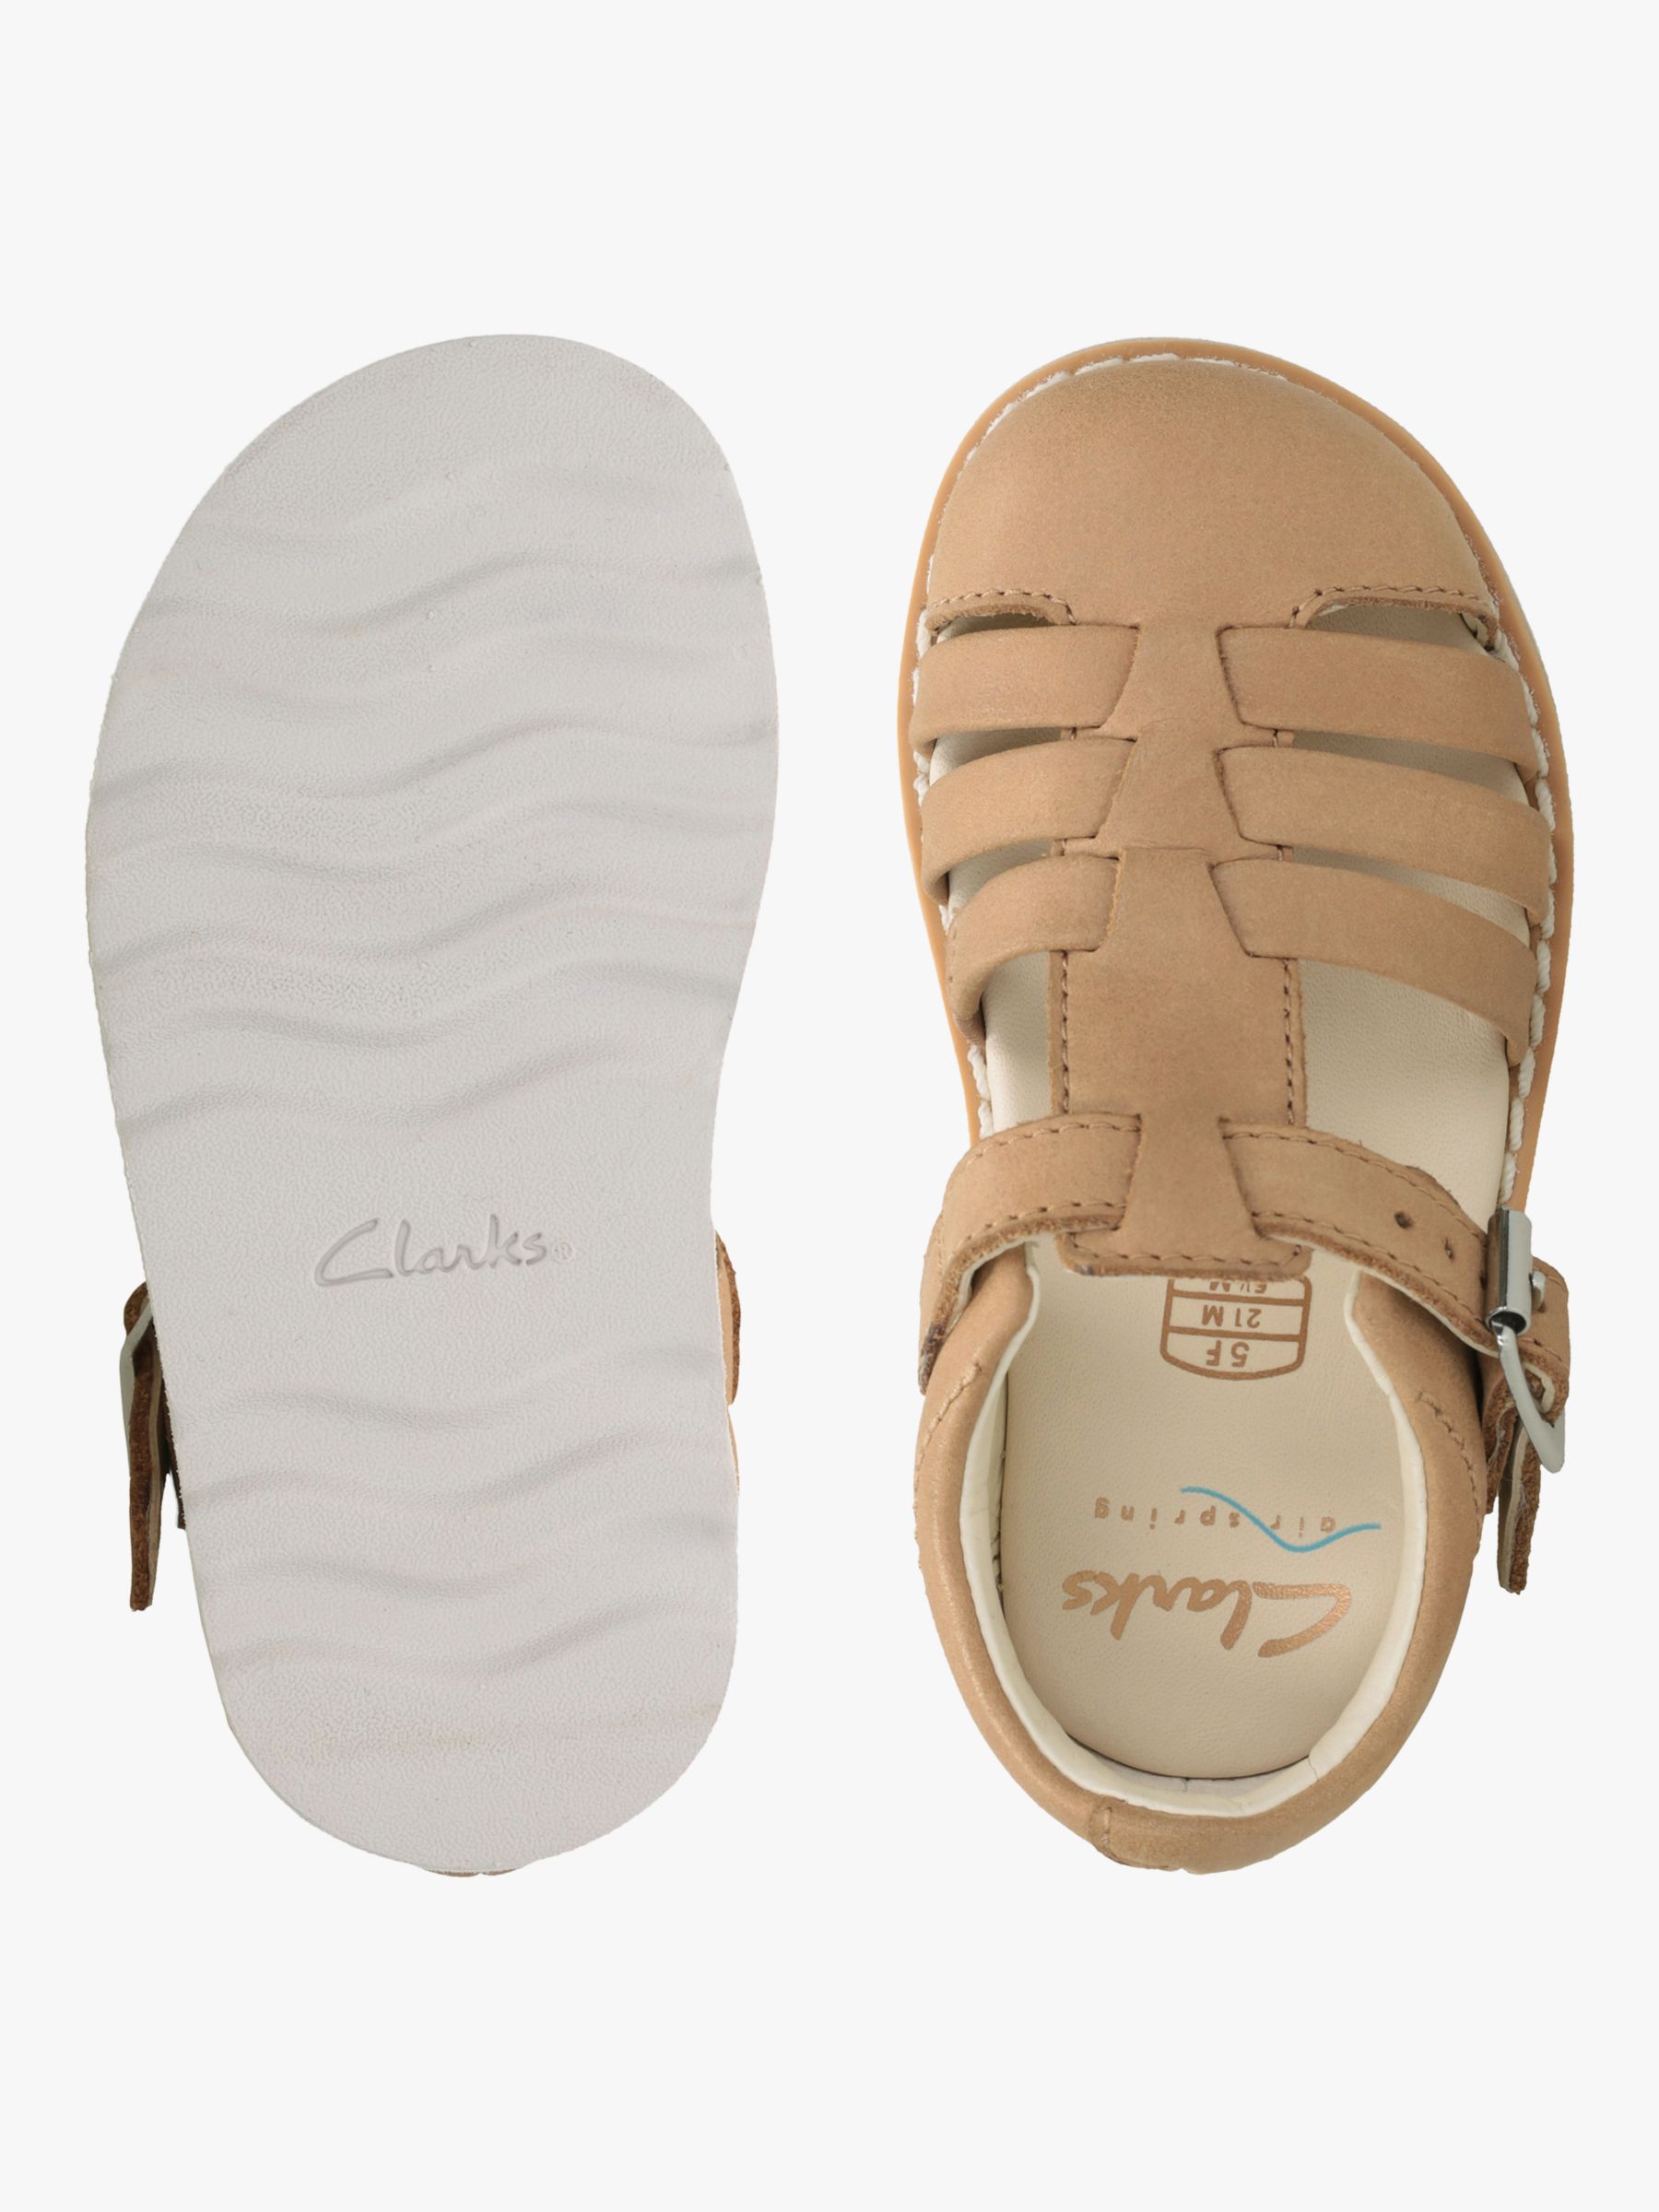 clarks crown stem sandals
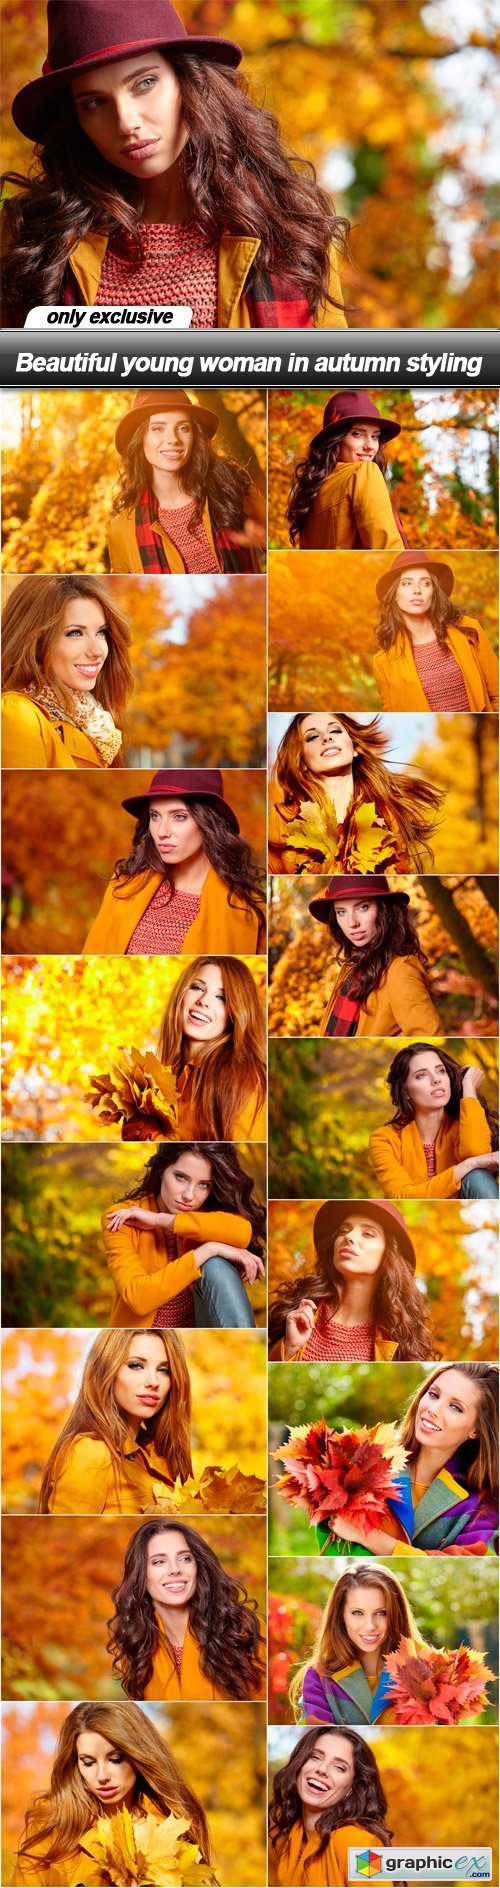 Beautiful young woman in autumn styling - 18 UHQ JPEG
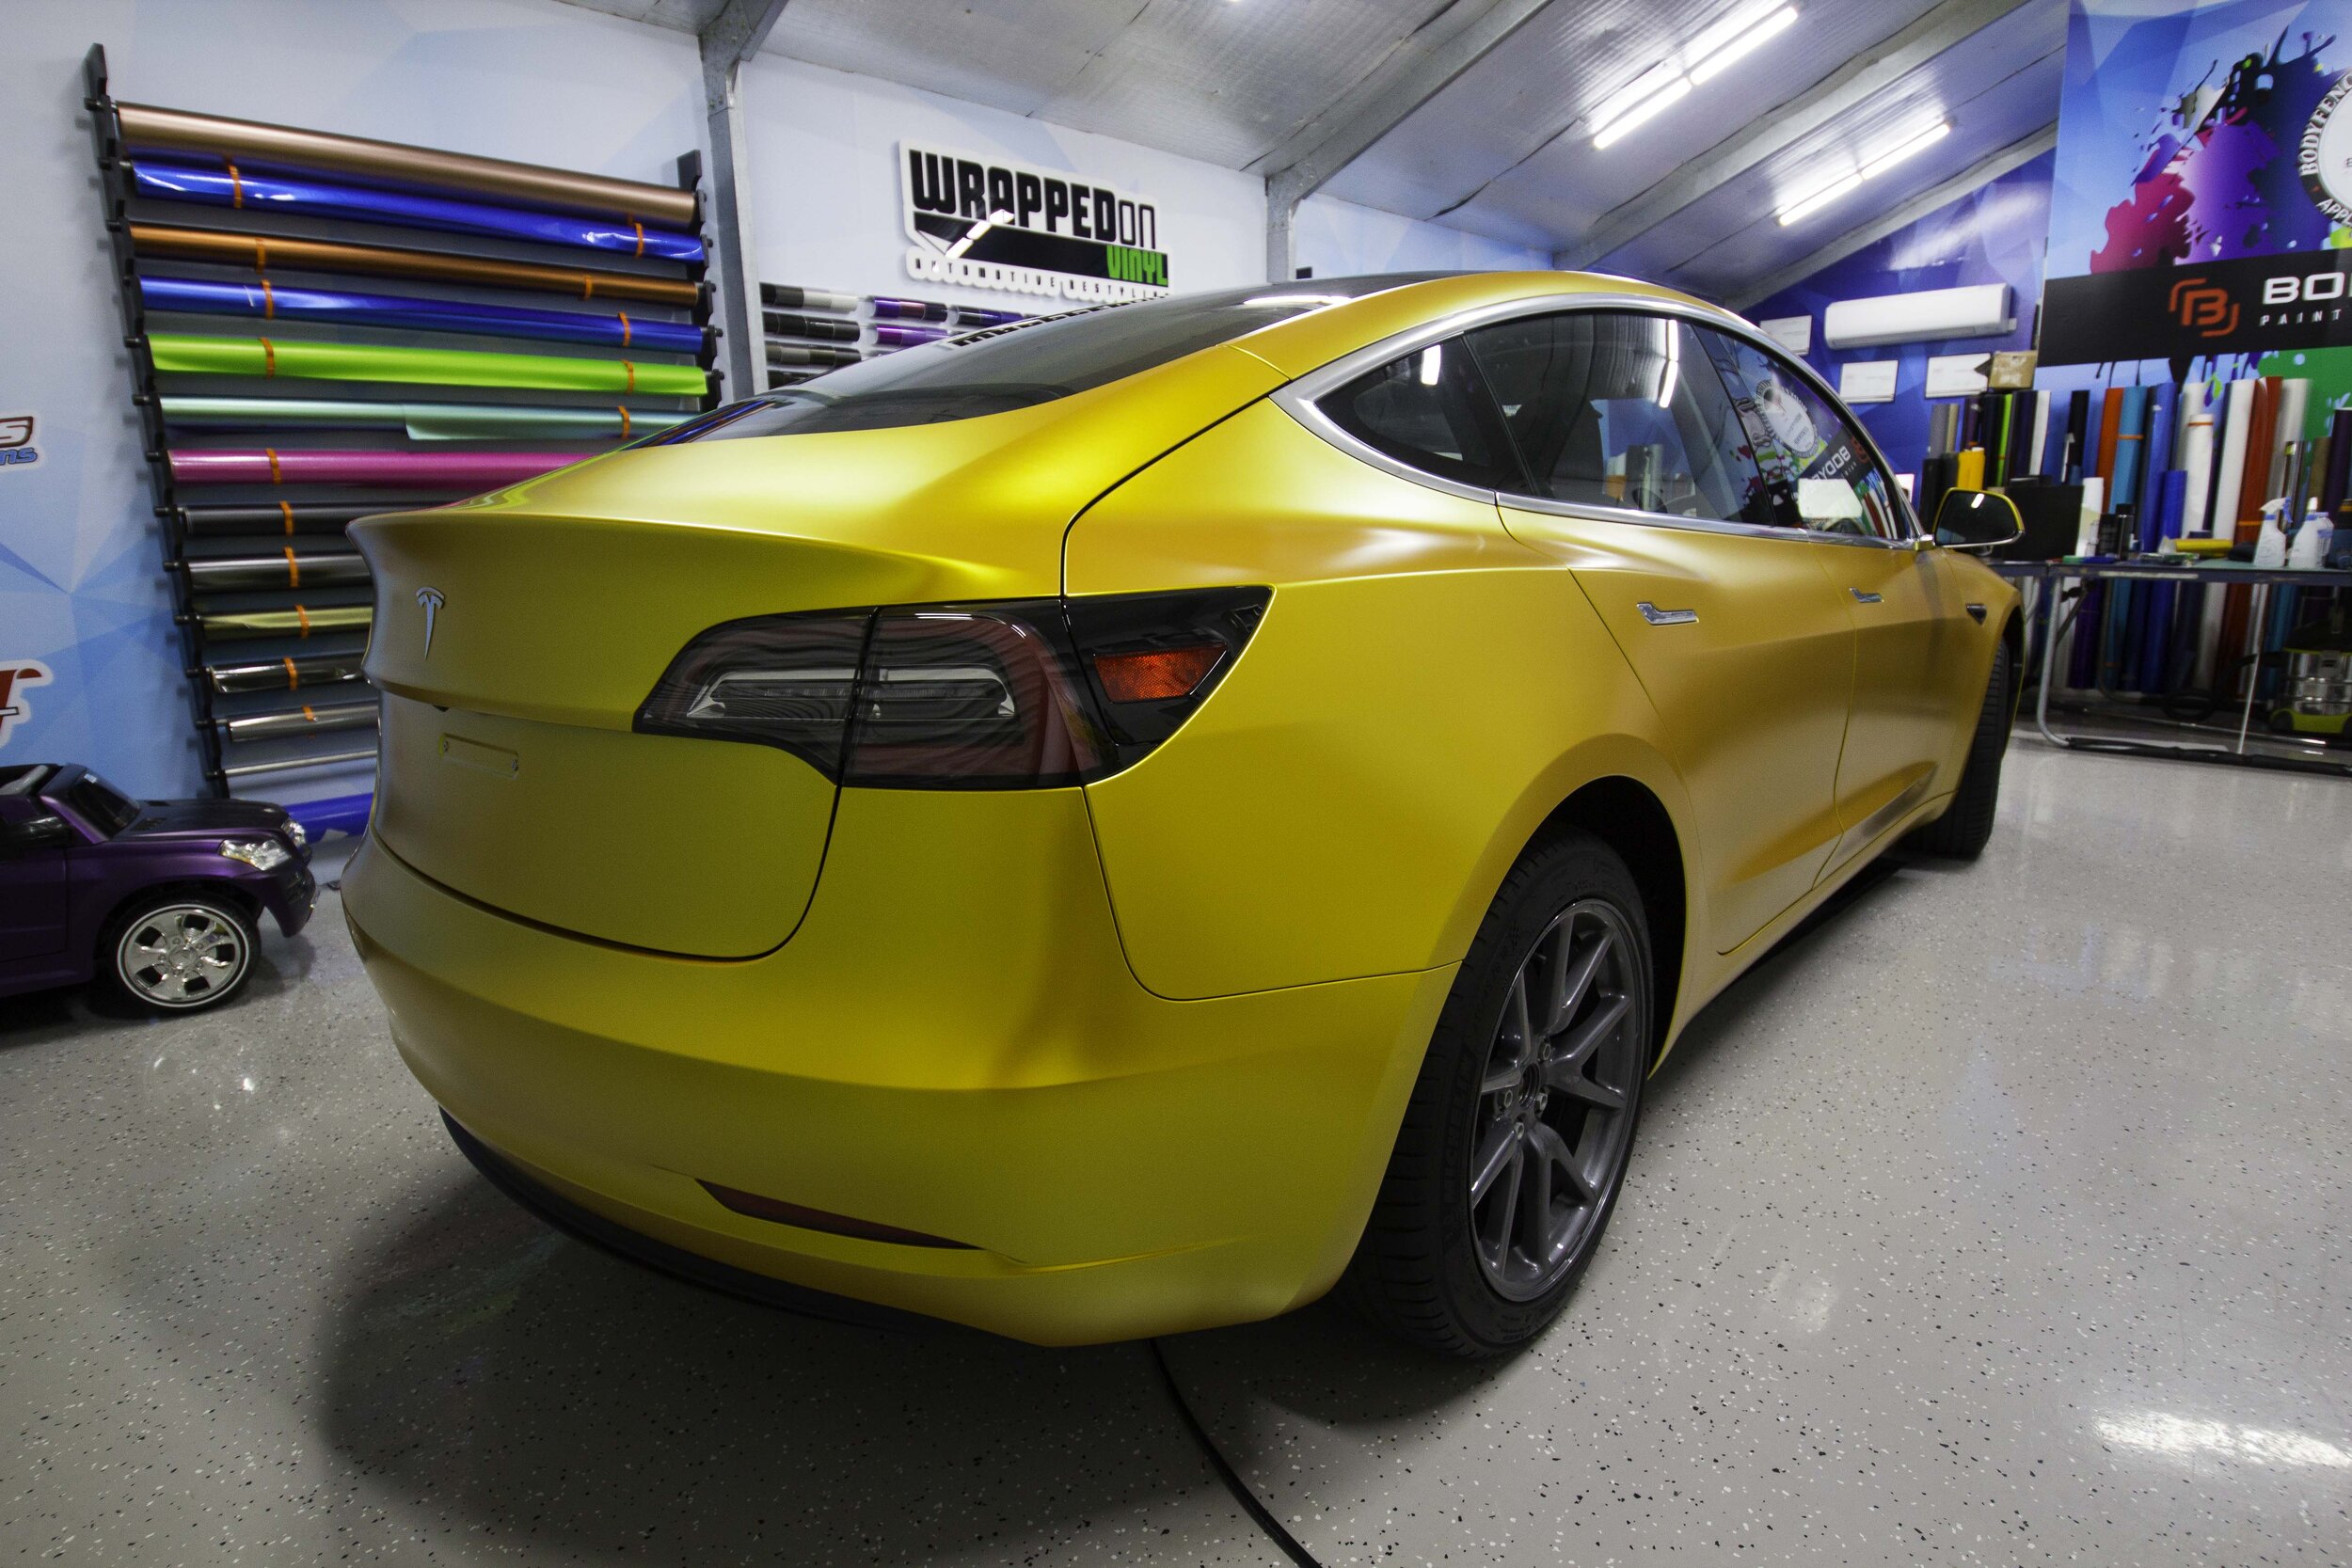 Tesla Model 3 - Avery Dennison Satin Energetic Yellow — Wrapped On Vinyl  Bendigo - Automotive Paint Protection Film & Colour Change Vinyl Wraps

■ **Task to complete**:
The pictures are to be omitted, and the rest of the listing is to be transcribed exactly.

■ **Completed task**:
 clarks crown stem sandals
 Beautiful young woman in autumn styling - 18 UHQ JPEG
 Tesla Model 3 - Avery Dennison Satin Energetic Yellow — Wrapped On Vinyl  Bendigo - Automotive Paint Protection Film & Colour Change Vinyl Wraps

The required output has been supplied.